Development and Validation of a Machine Learning Model to Estimate Bacterial Sepsis Among Immunocompromised Recipients of Stem Cell Transplant.

机构信息

Department of Epidemiology, University of Washington, Seattle.

Vaccine and Infectious Disease Division, Fred Hutchinson Cancer Research Center, Seattle, Washington.

出版信息

JAMA Netw Open. 2021 Apr 1;4(4):e214514. doi: 10.1001/jamanetworkopen.2021.4514.

DOI:10.1001/jamanetworkopen.2021.4514
PMID:33871619
原文链接:https://pmc.ncbi.nlm.nih.gov/articles/PMC8056279/
Abstract

IMPORTANCE

Sepsis disproportionately affects recipients of allogeneic hematopoietic cell transplant (allo-HCT), and timely detection is crucial. However, the atypical presentation of sepsis within this population makes detection challenging, and existing clinical sepsis tools have limited prognostic value among this high-risk population.

OBJECTIVE

To develop a full risk factor (demographic, transplant, clinical, and laboratory factors) and clinical factor-specific automated bacterial sepsis decision support tool for recipients of allo-HCT with potential bloodstream infections (PBIs).
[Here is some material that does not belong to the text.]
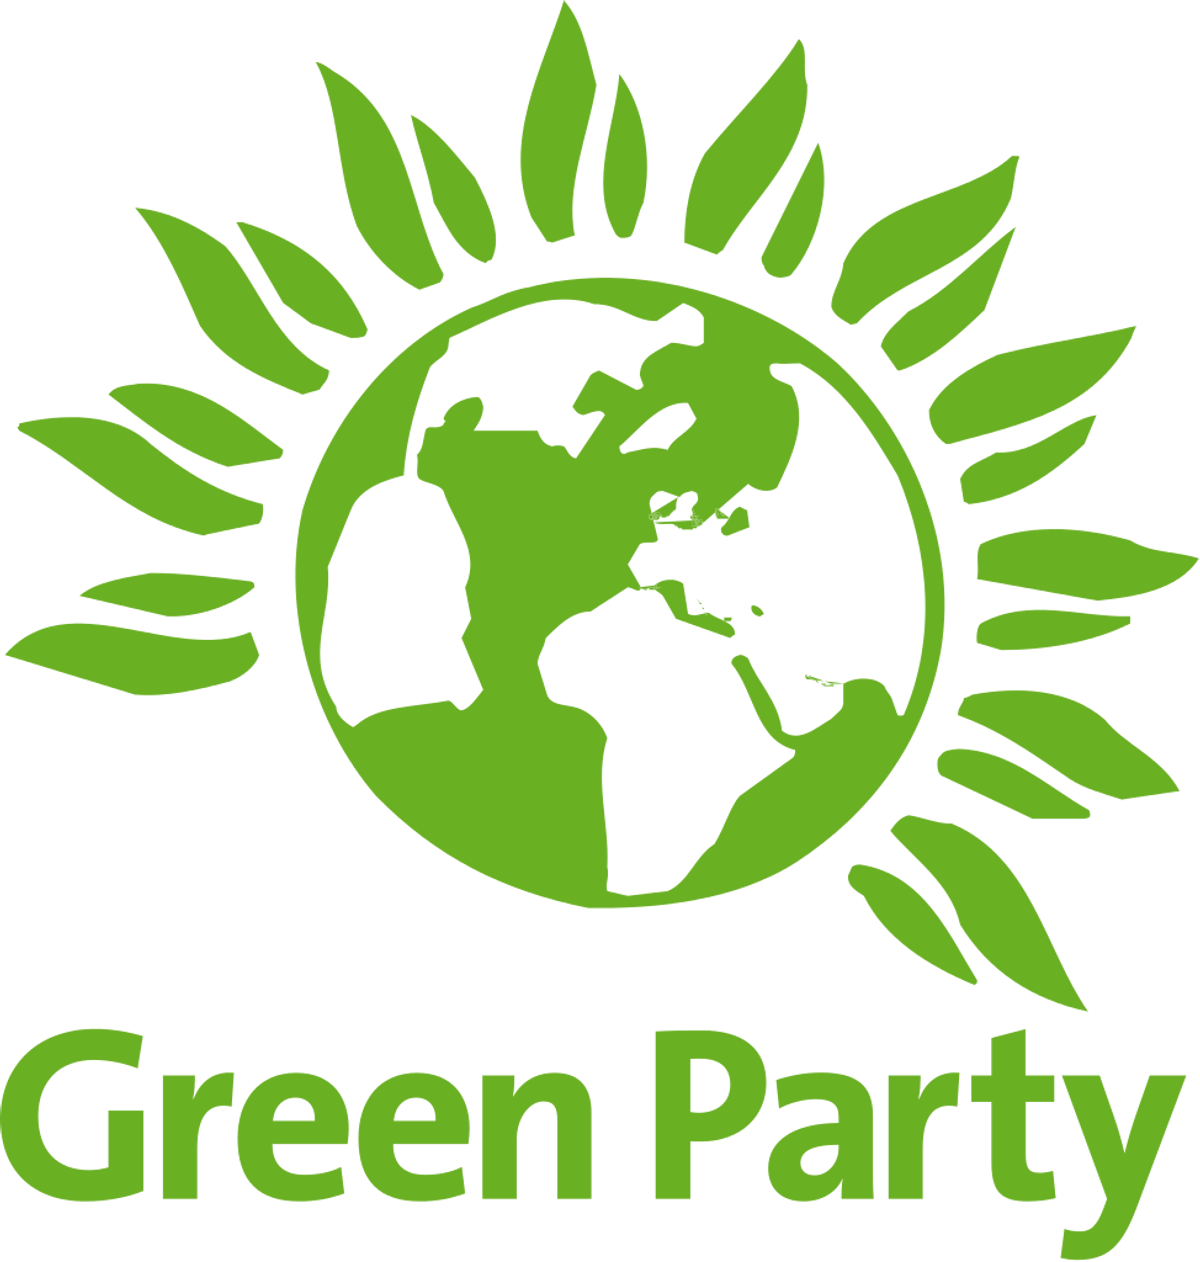 The Case Against the Green Party

DESIGN, SETTING, AND PARTICIPANTS: This prognostic study used data from adult recipients of allo-HCT transplanted at the Fred Hutchinson Cancer Research Center, Seattle, Washington, between June 2010 and June 2019 randomly divided into 70% modeling and 30% validation data sets. Tools were developed using the area under the curve (AUC) optimized SuperLearner, and their performance was compared with existing clinical sepsis tools: National Early Warning Score (NEWS), quick Sequential Organ Failure Assessment (qSOFA), and Systemic Inflammatory Response Syndrome (SIRS), using the validation data set. Data were analyzed between January and October of 2020.
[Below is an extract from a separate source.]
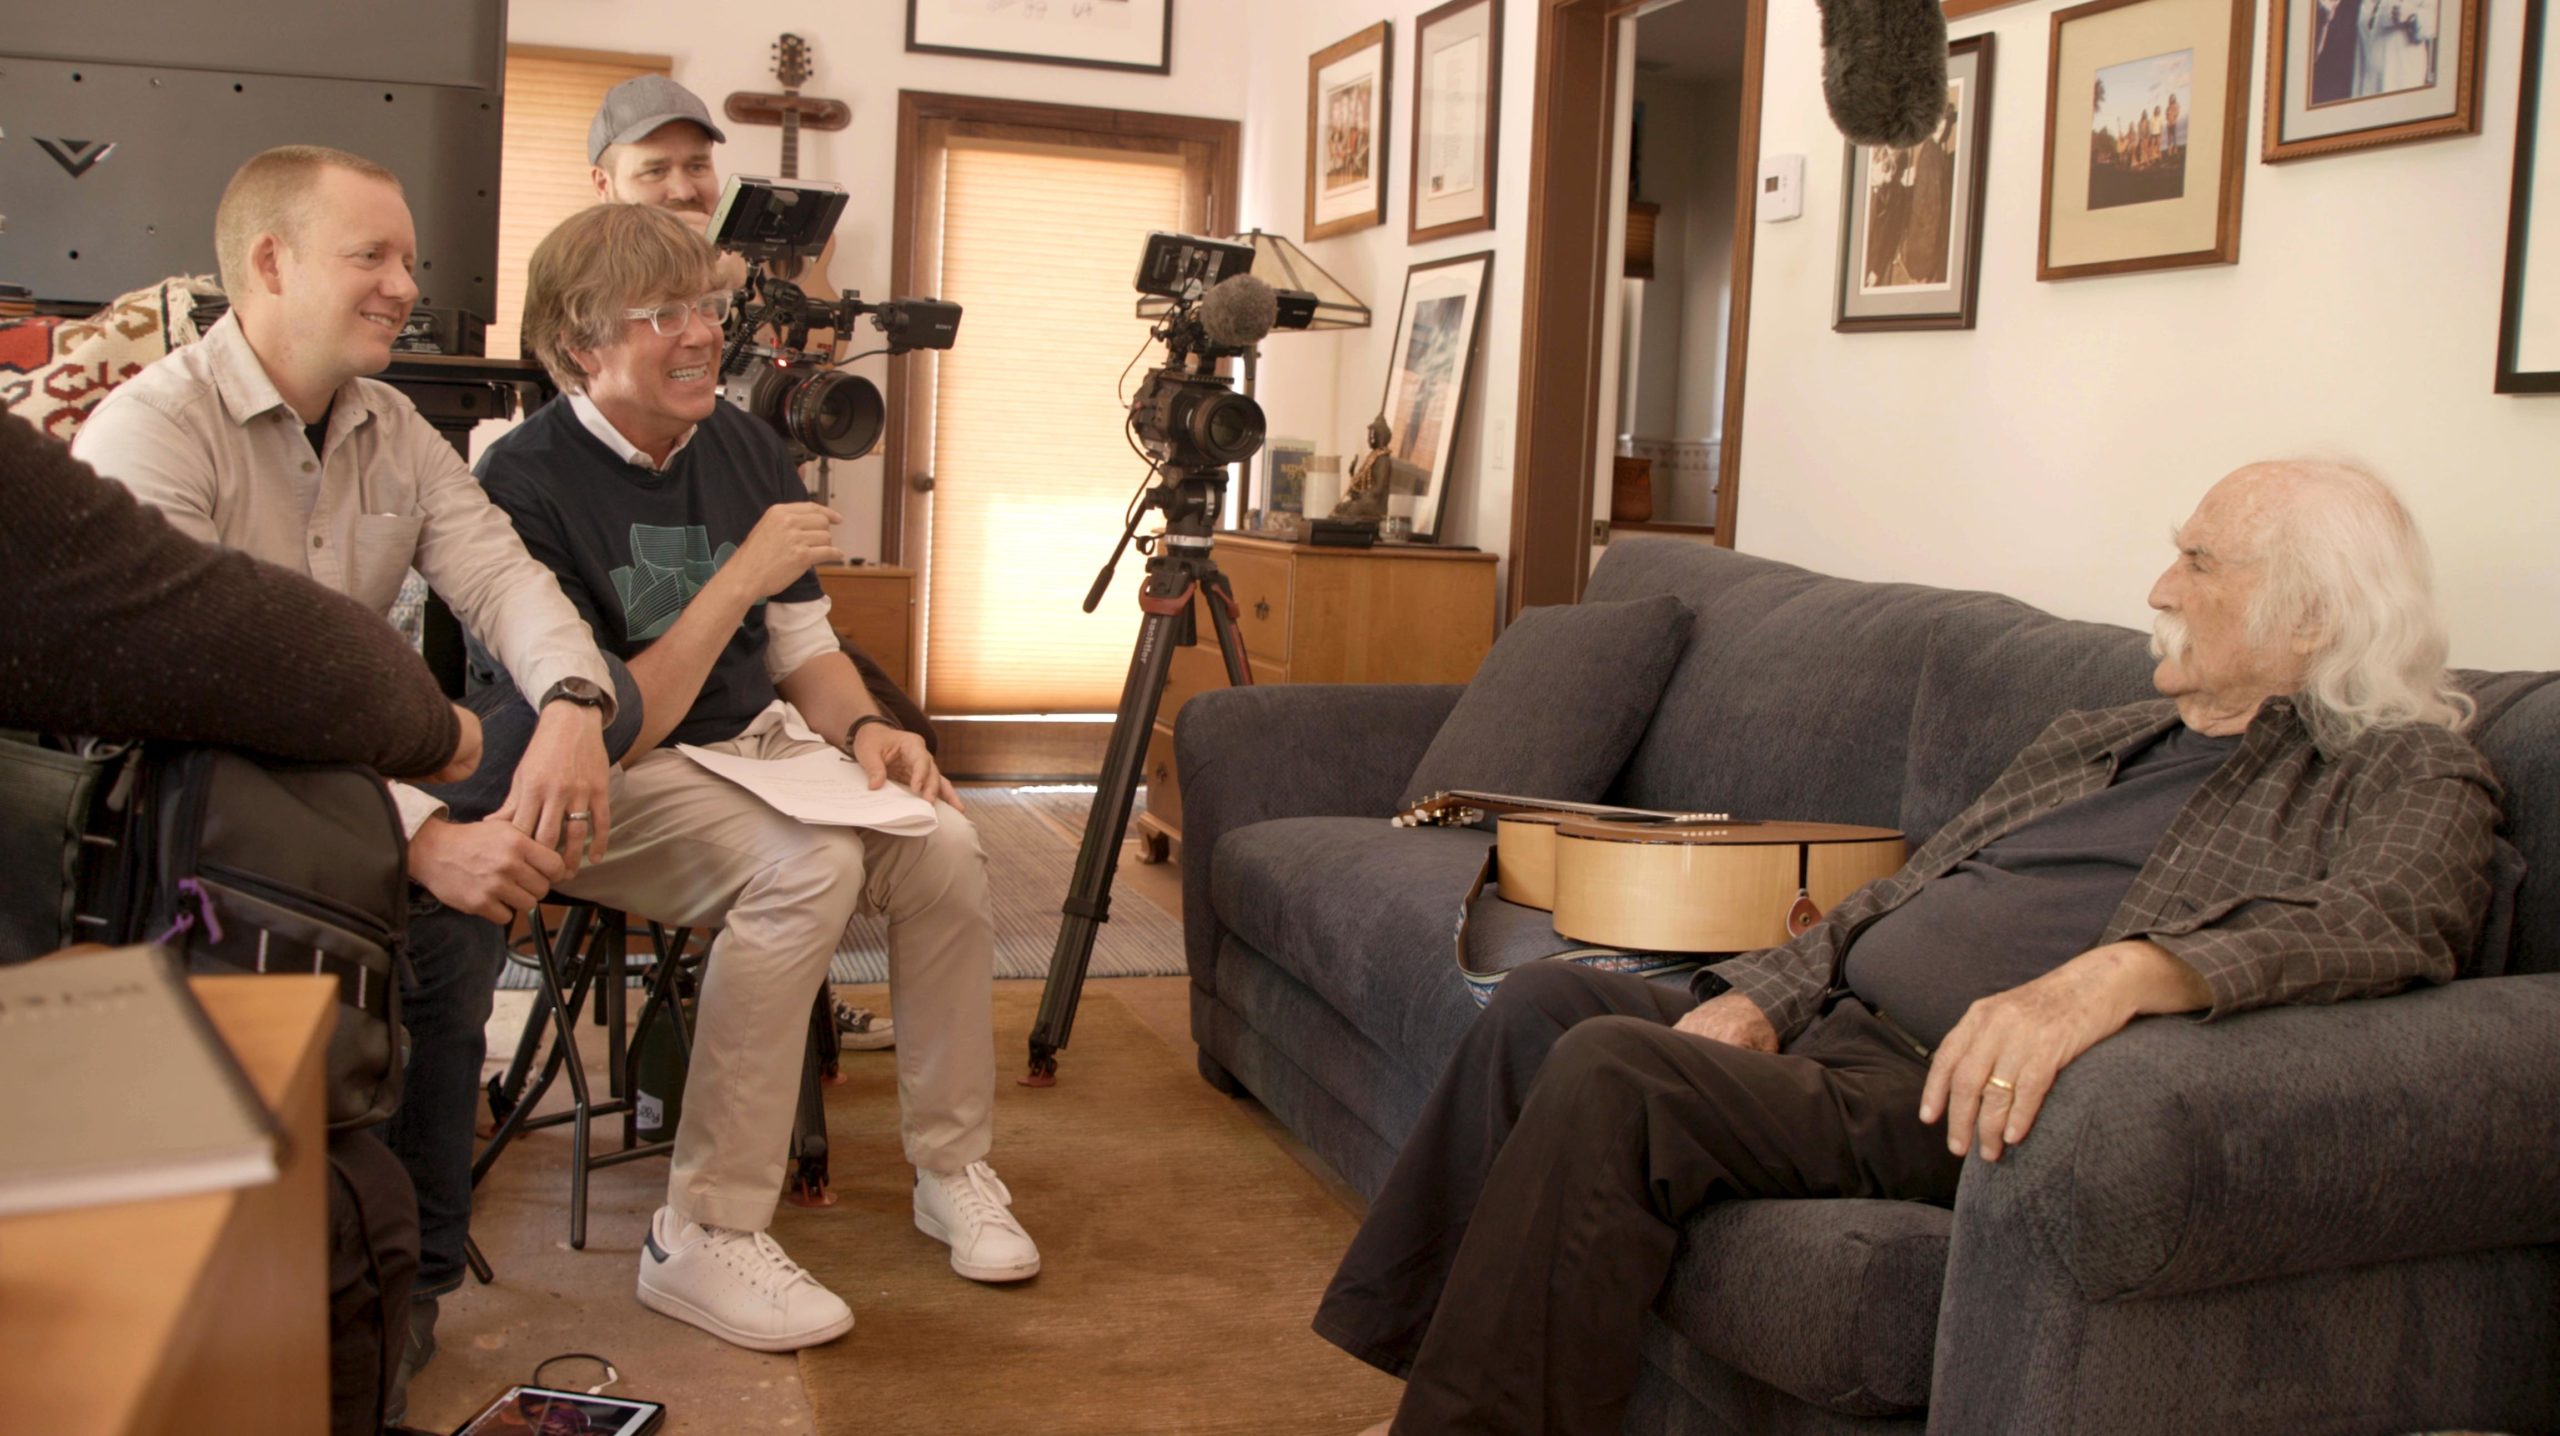 Mischa Hedges and Brendan Hedges Interview David Crosby for Oracle Documentary (Photo Credit: Jeremy Belanger)

MAIN OUTCOMES AND MEASURES

The primary outcome was high-sepsis risk bacteremia (culture confirmed gram-negative species, Staphylococcus aureus, or Streptococcus spp bacteremia), and the secondary outcomes were 10- and 28-day mortality. Tool discrimination and calibration were examined using accuracy metrics and expected vs observed probabilities.

RESULTS

Between June 2010 and June 2019, 1943 recipients of allo-HCT received their first transplant, and 1594 recipients (median [interquartile range] age at transplant, 54 [43-63] years; 911 [57.2%] men; 1242 individuals [77.9%] identifying as White) experienced at least 1 PBI. Of 8131 observed PBIs, 238 (2.9%) were high-sepsis risk bacteremia. Compared with high-sepsis risk bacteremia, the full decision support tool had the highest AUC (0.85; 95% CI, 0.81-0.89), followed by the clinical factor-specific tool (0.72; 95% CI, 0.66-0.78). SIRS had the highest AUC of existing tools (0.64; 95% CI, 0.57-0.71). The full decision support tool had the highest AUCs for PBIs identified in inpatient (0.82; 95% CI, 0.76-0.89) and outpatient (0.82; 95% CI, 0.75-0.89) settings and for 10-day (0.85; 95% CI, 0.79-0.91) and 28-day (0.80; 95% CI, 0.75-0.84) mortality.

CONCLUSIONS AND RELEVANCE

These findings suggest that compared with existing tools and the clinical factor-specific tool, the full decision support tool had superior prognostic accuracy for the primary (high-sepsis risk bacteremia) and secondary (short-term mortality) outcomes in inpatient and outpatient settings. If used at the time of culture collection, the full decision support tool may inform more timely sepsis detection among recipients of allo-HCT.

摘要

重要性

败血症在异基因造血细胞移植(allo-HCT)受者中不成比例地发生,及时发现至关重要。然而,该人群中败血症的非典型表现使得检测具有挑战性,并且现有的临床败血症工具在这个高风险人群中的预后价值有限。

目的

为潜在血流感染(PBIs)的 allo-HCT 受者开发一个全风险因素(人口统计学、移植、临床和实验室因素)和临床因素特异性自动细菌性败血症决策支持工具。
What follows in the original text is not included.